Досадийский эксперимент - Герберт Фрэнк. Страница 11
– Имею тяжкую честь быть Высшим магистром Бегущих. Мое имя Арич.
Произнося это, магистр выбросил вперед правую руку, взял синий ящик и уронил его на колени Макки.
– Именем книги я связываю вас клятвой!
Как и ожидал Макки, все было сделано очень быстро. Он продолжал держать ящик в руках, когда еще не умолкли звеневшие в воздухе слова старинного судебного вызова. Невзирая на все модификации говачинского Закона, каковые можно было приложить к этой ситуации, он, Макки, был пойман в сложное переплетение правовых требований. Он остро ощущал пальцами холод металла. Ему придется вступить в борьбу с самим Высшим магистром.
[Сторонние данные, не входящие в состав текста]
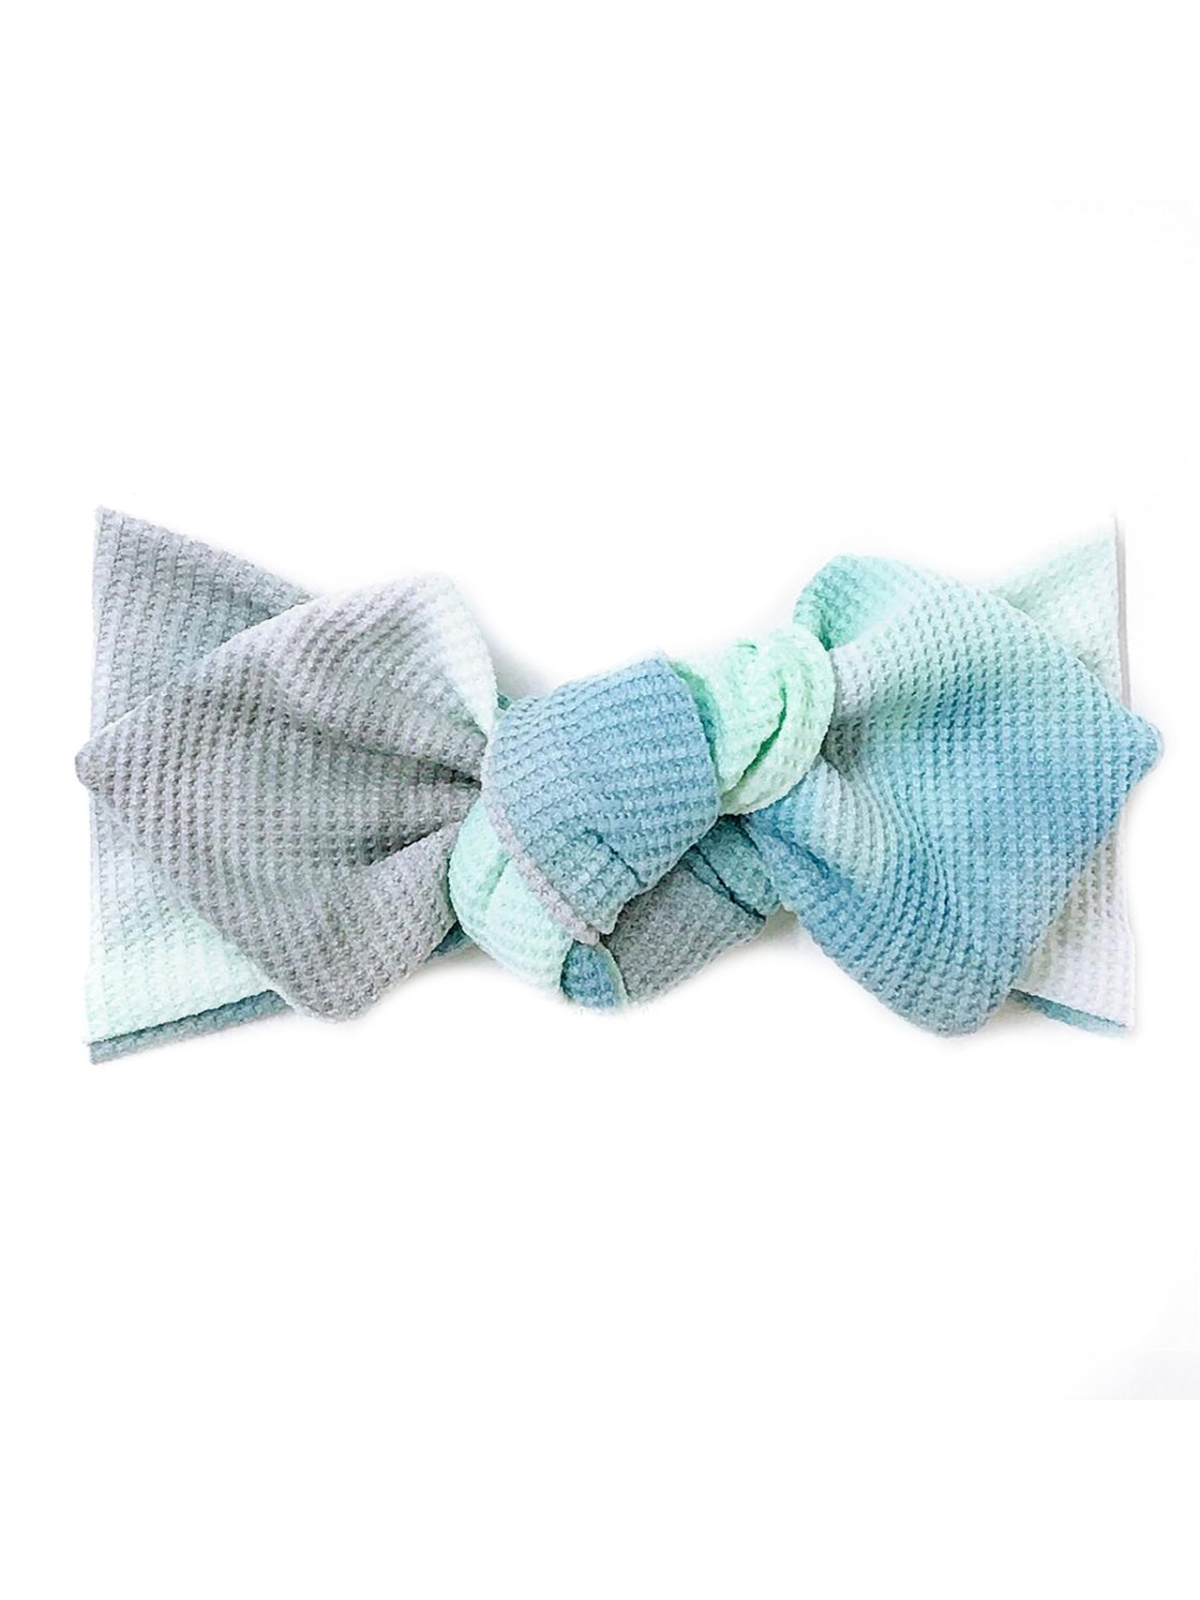 Top Knot Headband, Blue Ocean Tie Dye

Говачины обходились без долгих предисловий: это свидетельствовало о нехватке времени и о том, что они находятся в затруднительном положении. Макки напомнил себе, что имеет дело с существами, которые находят удовольствие в своих собственных неудачах, которые наслаждаются смертью на судебной арене, а самую большую радость испытывают, когда кто-то меняет законы.
Макки заговорил, тщательно соблюдая формальности, которых требовал ритуал. Он понимал, что без этого не сможет выйти отсюда живым.
– Двое неправых могут взаимно устранить друг друга. Поэтому позвольте тем, кто совершает ошибку, совершить ее вместе. Именно в этом и состоит истинная цель Закона.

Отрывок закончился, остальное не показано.